◆ TASK PROMPT ◆
For this item, repeat the material exactly while omitting its pictures.

::: INPUT DATA :::

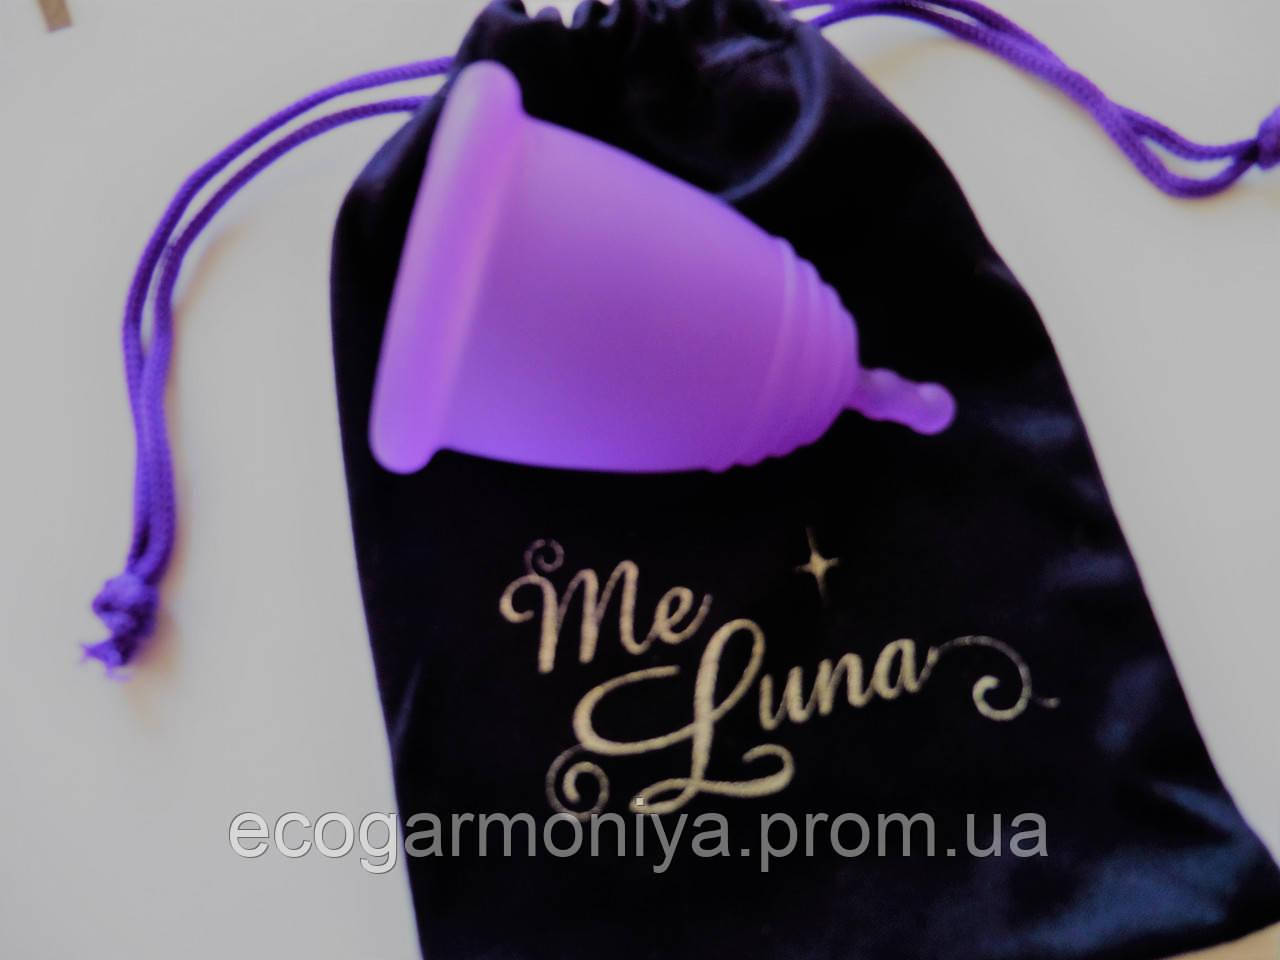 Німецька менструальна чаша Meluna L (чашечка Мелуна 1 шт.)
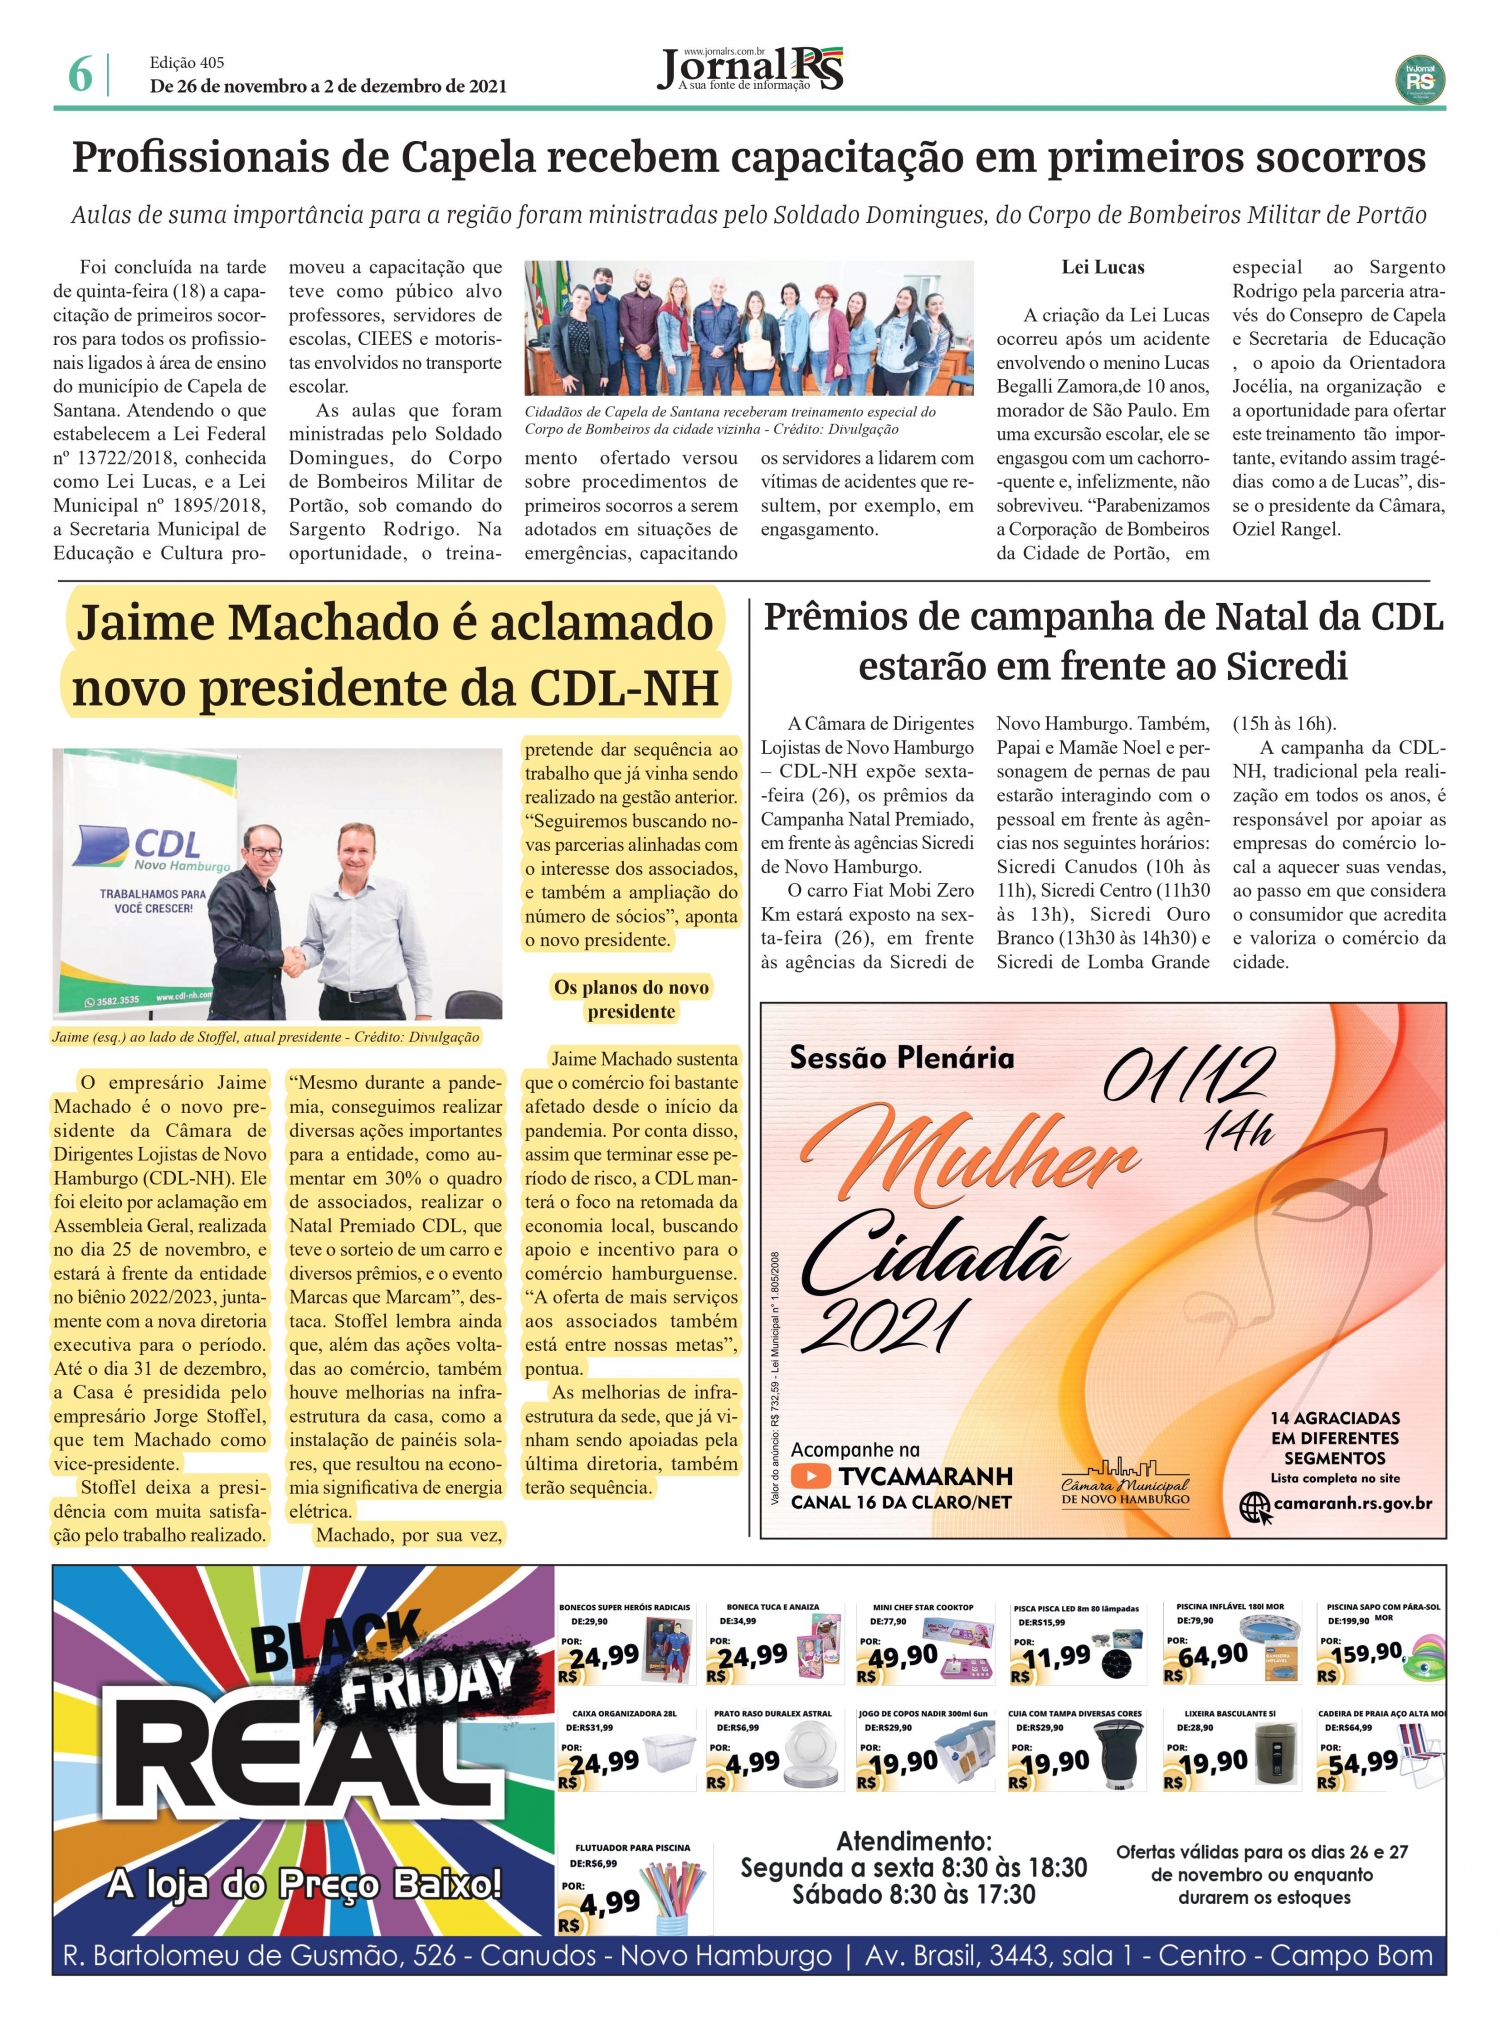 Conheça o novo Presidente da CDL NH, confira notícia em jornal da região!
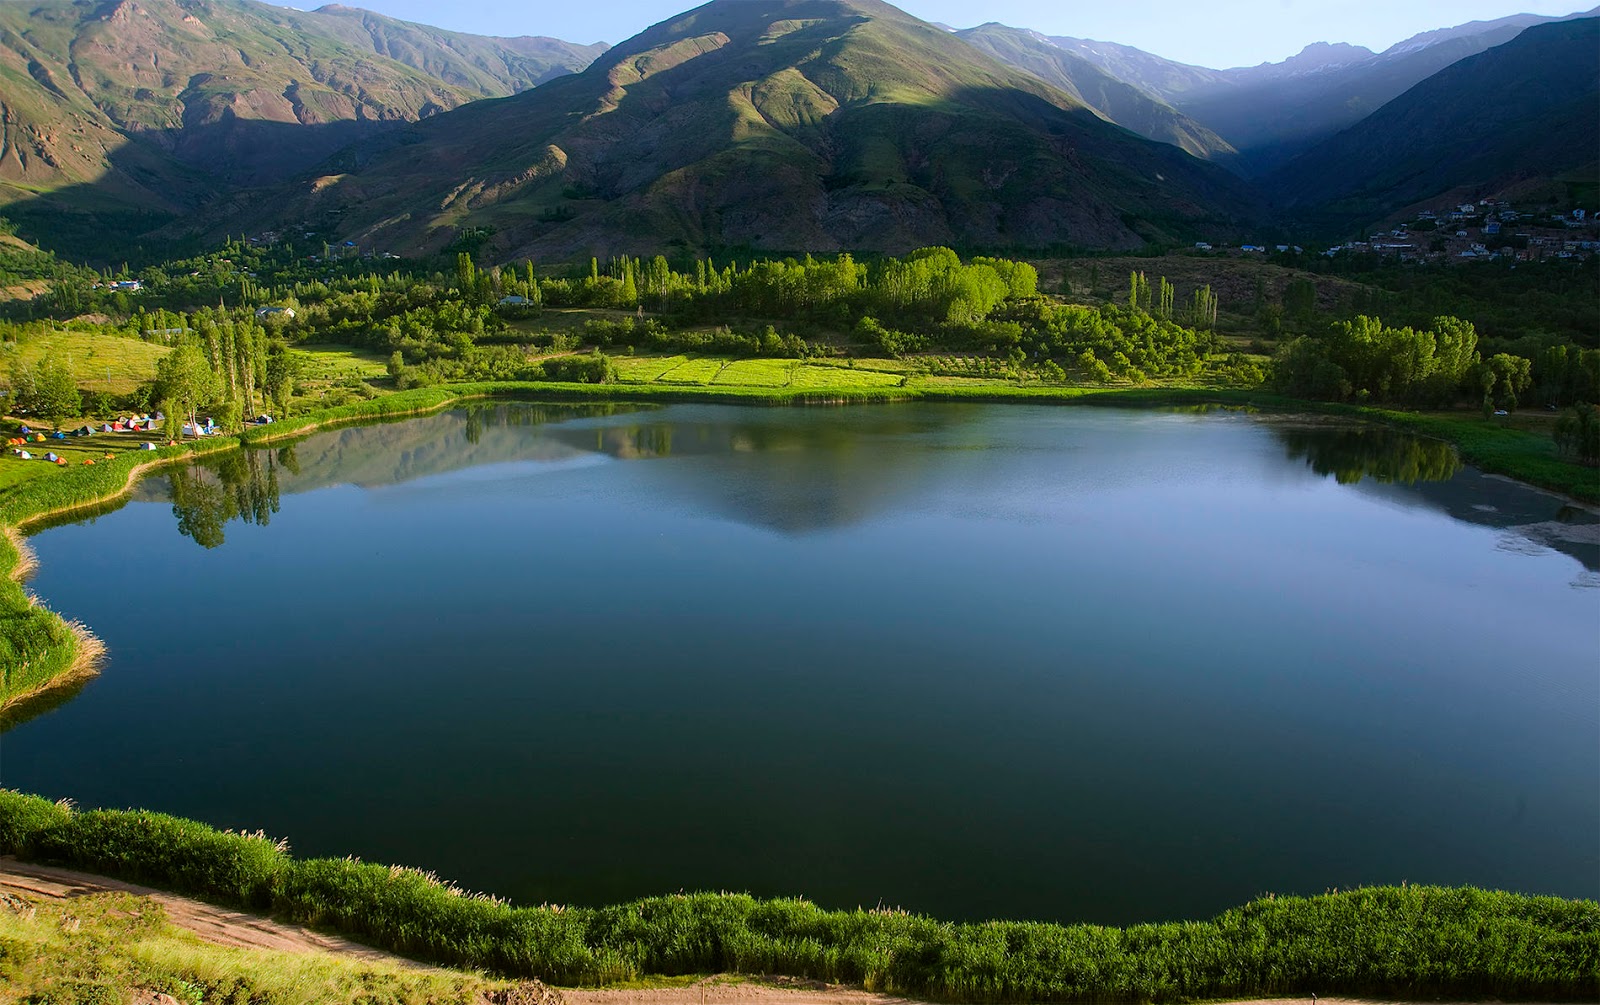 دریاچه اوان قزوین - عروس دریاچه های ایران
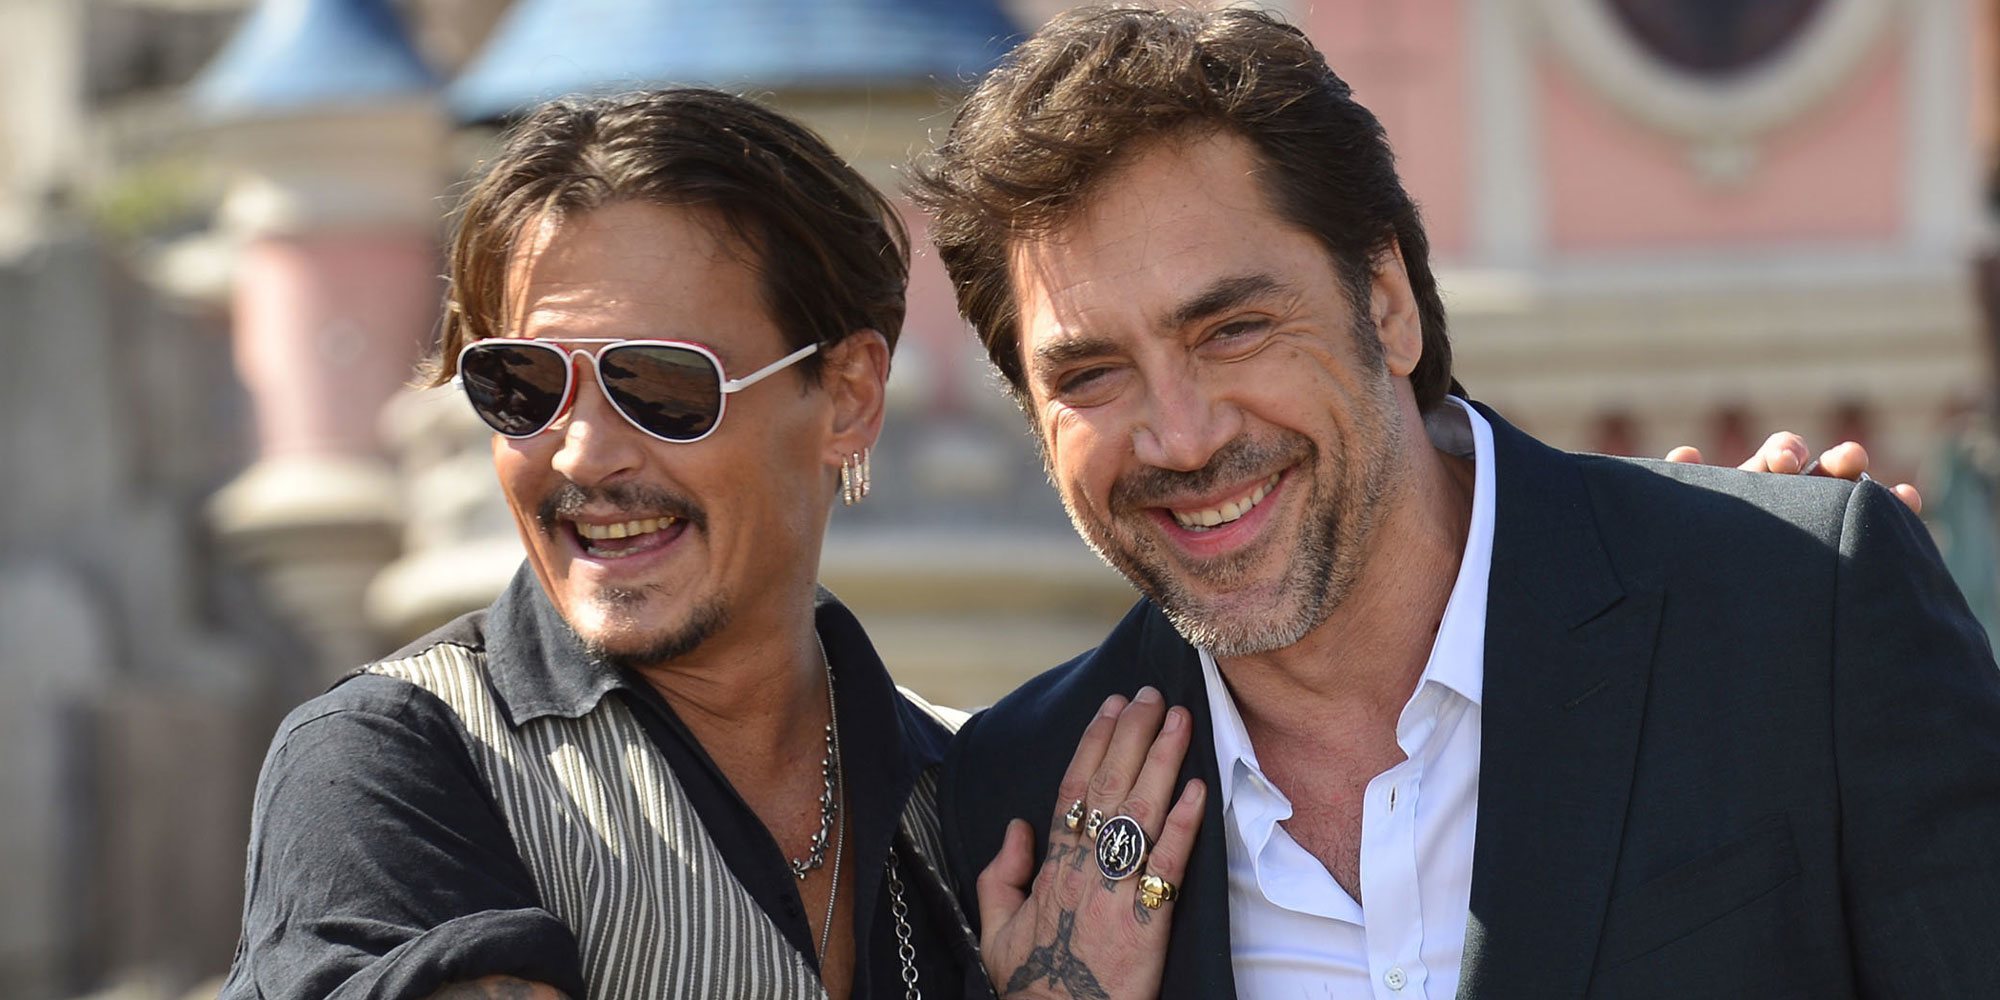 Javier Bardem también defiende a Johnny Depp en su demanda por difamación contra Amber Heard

:::

◆ RESULT OF THIS TASK ◆
 Німецька менструальна чаша Meluna L (чашечка Мелуна 1 шт.)
 Conheça o novo Presidente da CDL NH, confira notícia em jornal da região!
 دریاچه اوان قزوین - عروس دریاچه های ایران
 Javier Bardem también defiende a Johnny Depp en su demanda por difamación contra Amber Heard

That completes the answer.